Обсуждение: pgstattuple: Use streaming read API in pgstatindex functions
Hi hackers,
While reading the code related to streaming reads and their current
use cases, I noticed that pgstatindex could potentially benefit from
adopting the streaming read API. The required change is relatively
simple—similar to what has already been implemented in the pg_warm and
pg_visibility extensions. I also ran some performance tests on an
experimental patch to validate the improvement.
Summary
Cold cache performance (the typical use case for diagnostic tools):
- Medium indexes (~21MB): 1.21x - 1.79x faster (20-44% speedup)

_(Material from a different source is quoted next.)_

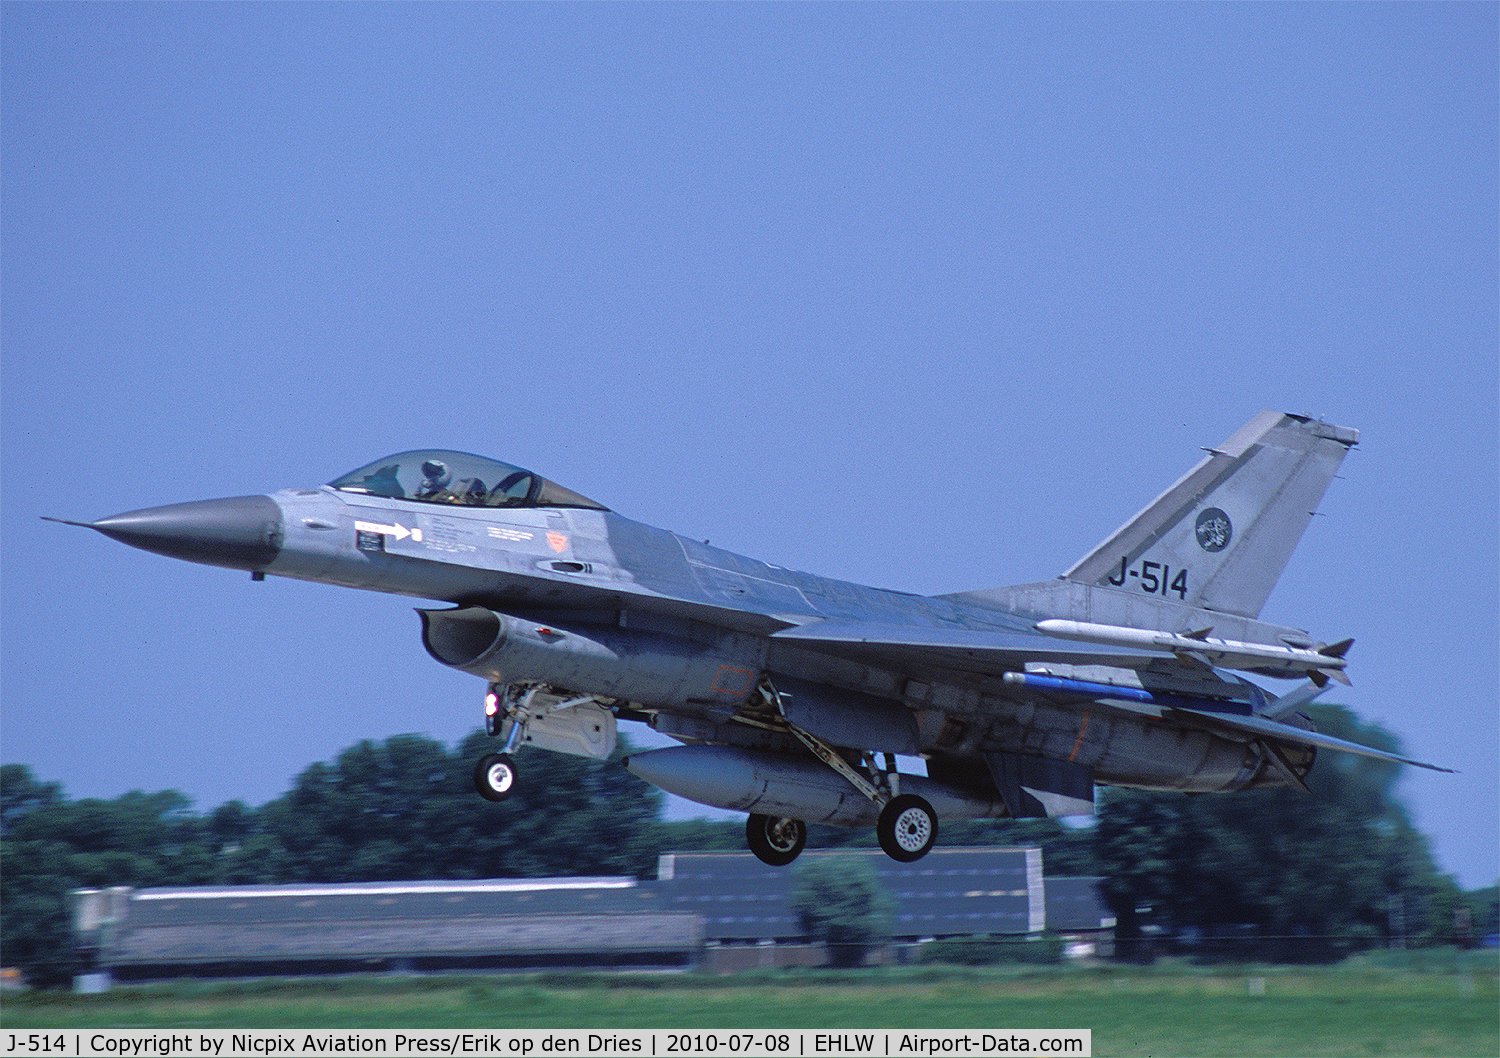 J-514, 1989 Fokker F-16A Fighting Falcon C/N 6D-153, J-514 seen here on landing approach for Leeuwarden AB during the FWIT-2010 course.

- Large indexes (~214MB): 1.50x - 1.90x faster (30-47% speedup)
- Xlarge indexes (~1351MB):1.4x–1.9x gains. (29–47% speedup)
Hardware: AX162-R from hetzner
Test matrix:
- Index types: Primary key, timestamp, float, composite (3 columns)
- Sizes: Medium (1M rows, ~21MB), Large (10M rows, ~214MB), XLarge
(50M rows, ~ 1351MB))
- Layouts: Unfragmented (sequential) and Fragmented (random insert order)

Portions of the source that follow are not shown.